A crise moral continua a se acentuar
Cartão postal publicado após a Revolução Bolchevique – Museu de História Política da Rússia, São Petersburgo |
Apesar do aviso claríssimo de Nossa Senhora, a crise moral, de 1917 para cá, não fez mais que acentuar-se. As modas, as leis e os costumes cada vez mais abertamente estão defendendo o crime, o pecado, a aversão à Lei de Deus, frutos de uma cultura laica e materialista. Está sendo instaurada uma completa inversão de valores, uma ordem de coisas que propicia o vício e dificulta a prática da virtude. E o motivo central desta profunda crise é, sem dúvida, o abandono da Religião.

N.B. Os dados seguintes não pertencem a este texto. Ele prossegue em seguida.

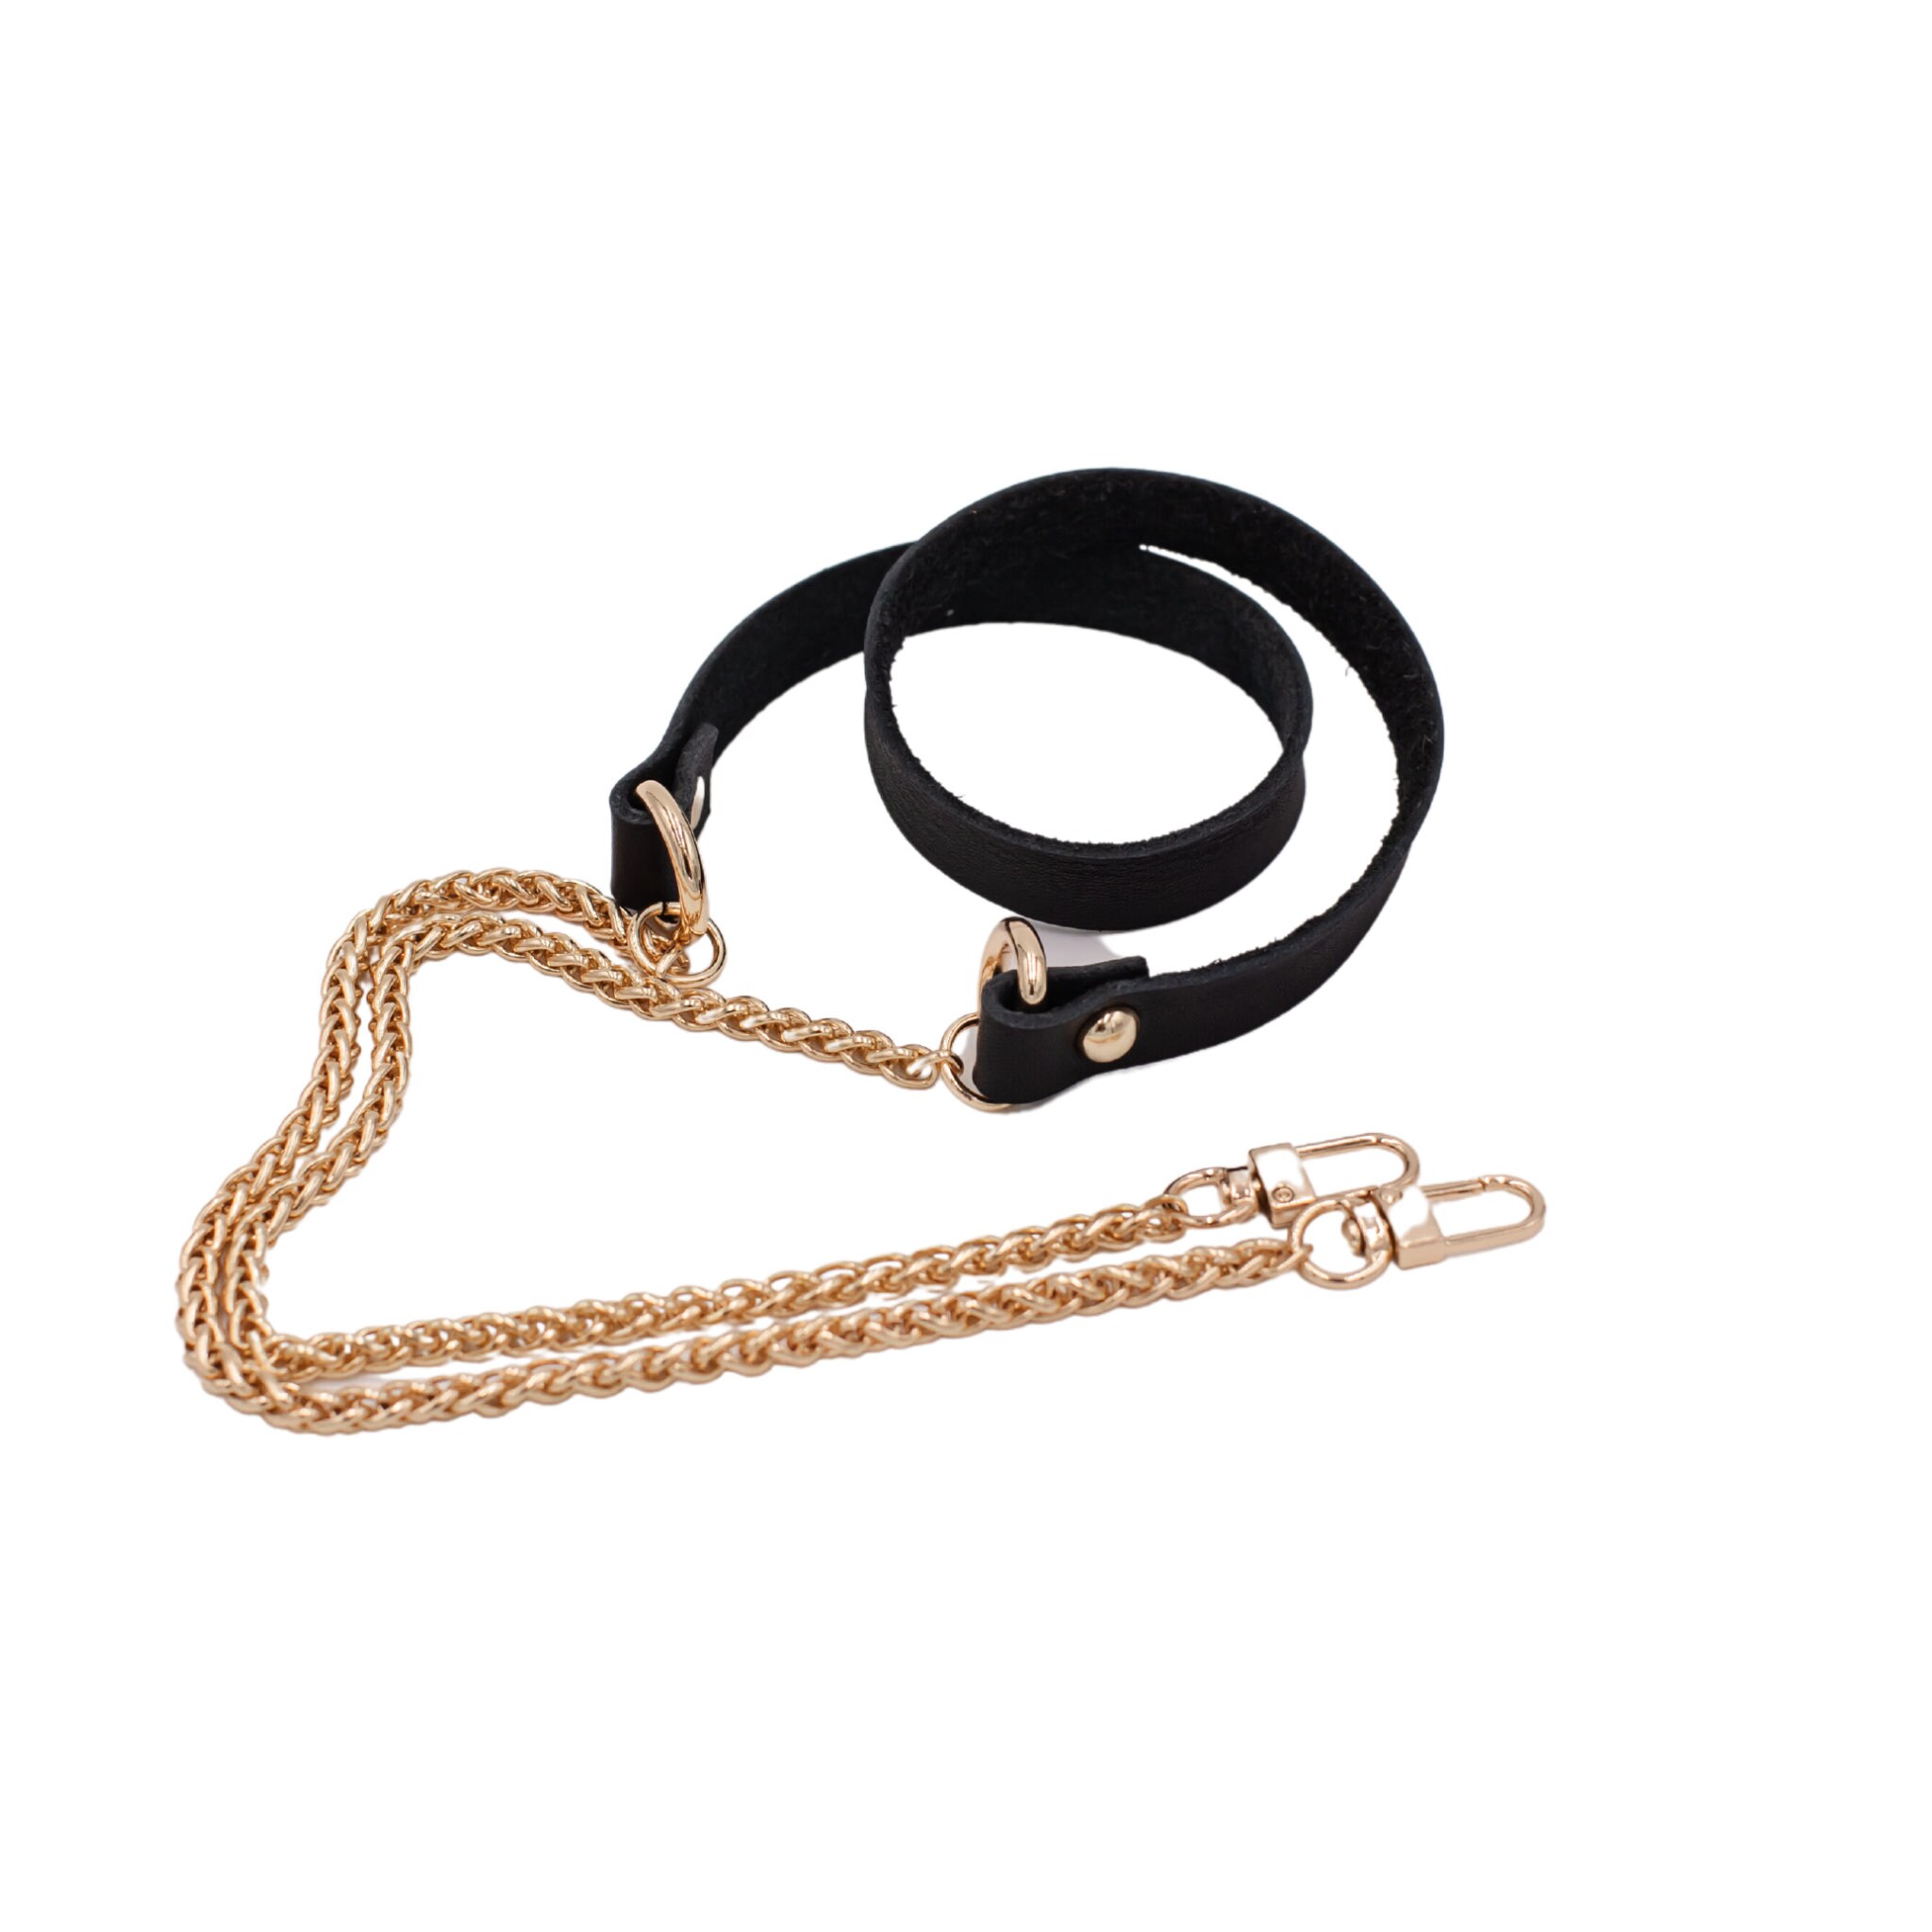 Wealrit 1 pcs 55.1 Inch Black Leather and Gold Chain Purse Strap,Black  Leather Bag Strap,Leather Pur…See more Wealrit 1 pcs 55.1 Inch Black  Leather

A humanidade já não vive mais em função de seu Criador, mas de si mesma. Esqueceu-se de que seu fim nesta terra é amar a Deus e conquistar a salvação das almas. Diante de quadro tão dramático, como esperar que não venha sobre o mundo uma intervenção regeneradora? Como poderia Deus ignorar a imensa crise na qual o mundo está submerso, pela maldade dos homens?
Uma mudança da sociedade rumo à verdadeira conversão vai se tornando mais improvável. E à medida que caminhamos para o paroxismo da degradação moral, mais provável também é a efetivação dos castigos profetizados por Nossa Senhora. Isso posto, resta-nos voltar o nosso olhar para uma luz que brilha no horizonte dos acontecimentos atuais, e que nos convida a confiar na promessa feita por Ela há cem anos: “Por fim, o meu Imaculado Coração triunfará”.1
O triunfo do Imaculado Coração de Maria será propriamente o Reino de Maria, ou seja, o ápice da História, quando o preciosíssimo Sangue de Cristo, derramado para nossa redenção, produzirá seus melhores frutos.
São Luís Maria Grignion de Montfort e o Reino de Maria
Porém, por que um Reino de Nossa Senhora?
Porque “foi por intermédio da Santíssima Virgem Maria que Jesus Cristo veio ao mundo, e é também por meio d’Ela que Ele deve reinar no mundo”,2 ensina o grande mariólogo São Luís Maria Grignion de Montfort, em seu Tratado da verdadeira devoção à Santíssima Virgem.
Contudo, poder-se-ia perguntar: se o próprio Jesus Cristo disse a Pilatos que seu Reino não era deste mundo (cf. Jo 18, 36), como explicar um reinado d’Ele através de sua Mãe Santíssima aqui na terra? Não estaria São Luís Grignion se referindo ao reinado de Nossa Senhora na eternidade, findados os séculos? Ou ao seu título de Rainha do Céu e da terra, o qual Ela recebeu tão logo subiu aos Céus e foi coroada pela Santíssima Trindade?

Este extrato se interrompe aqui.